Petitioner now seeks to challenge the following additional portion of the jury charge given immediately after and in connection with the so-called Sandstrom instruction at his State trial:

If you find from the actions of one of the several participants an intent to commit a certain crime, then anyone who was a co-principal or active participant in the crime also had such an intent.

Petitioner argues that this instruction im-permissibly required the jury to transfer to him the criminal intent of any of the co-principals. The effect of the instruction is particularly egregious in this case, petitioner argues, because one of the co-principals testified for the government, and the jury could have imputed to petitioner that witness’s admitted intent. Respondents argue that the Court should dismiss this claim under 28 U.S.C. § 2254 Rule 9 for failure to allege new grounds for relief after a prior determination on the merits.

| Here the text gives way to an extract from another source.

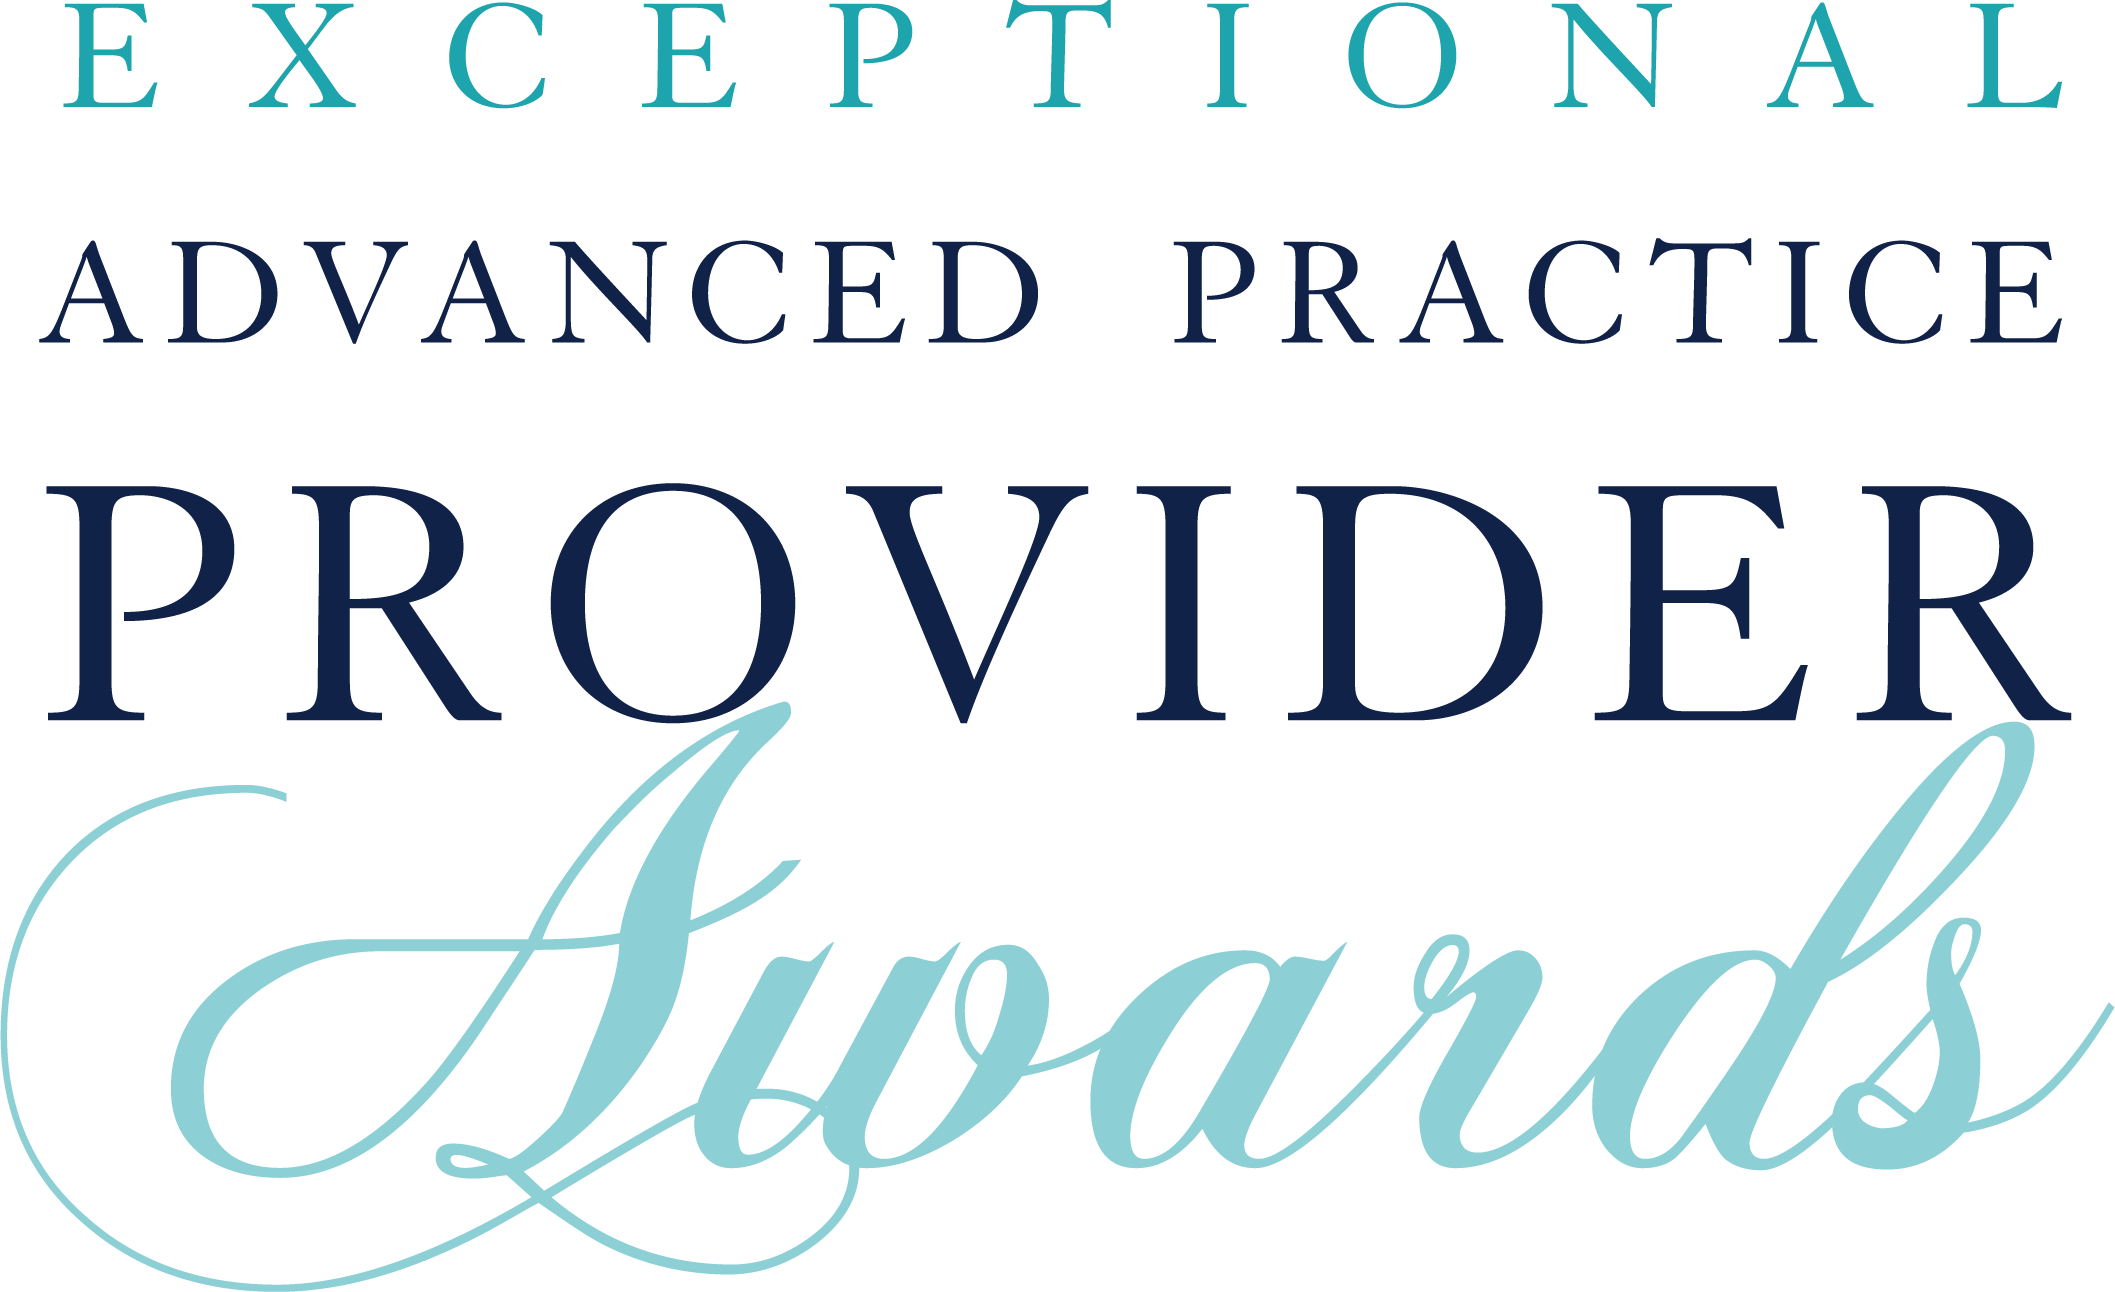 Exceptional Advanced Practice Provider Awards logo

Although petitioner presented the “transferred intent” portion of the instruction in [386]*386his original application to this Court, see Petitioner’s Memorandum of Law, dated May 1, 1980, at 28, neither the Magistrate nor this Court found it necessary to consider that portion of the instruction, having granted relief based on the “natural consequences” instruction alone.

The Second Circuit, however, considered the entire charge on the element of intent. Although the Second Circuit did not analyze the transferred intent portion of the charge separately, it did conclude, after rejecting petitioner’s objection to the “natural consequences” portion, that the entire intent instruction, “in the context of a lengthy, and otherwise unassailable charge, created no ‘significant possibility that harm was done.’ ” 677 F.2d at 211.

Even if we were to conclude that the newly challenged portion of the charge in isolation relieved the State of its burden of proving each element beyond a reasonable doubt,2 we would still be required to view the instruction in context to see if the charge as a whole shifted the burden of proof. Francis v. Franklin, 471 U.S. 307, 315, 105 S.Ct. 1965, 1971, 85 L.Ed.2d 344 (1985); Cupp v. Naughten, 414 U.S. 141, 94 S.Ct. 396, 38 L.Ed.2d 368 (1973). The Second Circuit has already examined the entire instruction concerning intent and approved it. 677 F.2d at 211.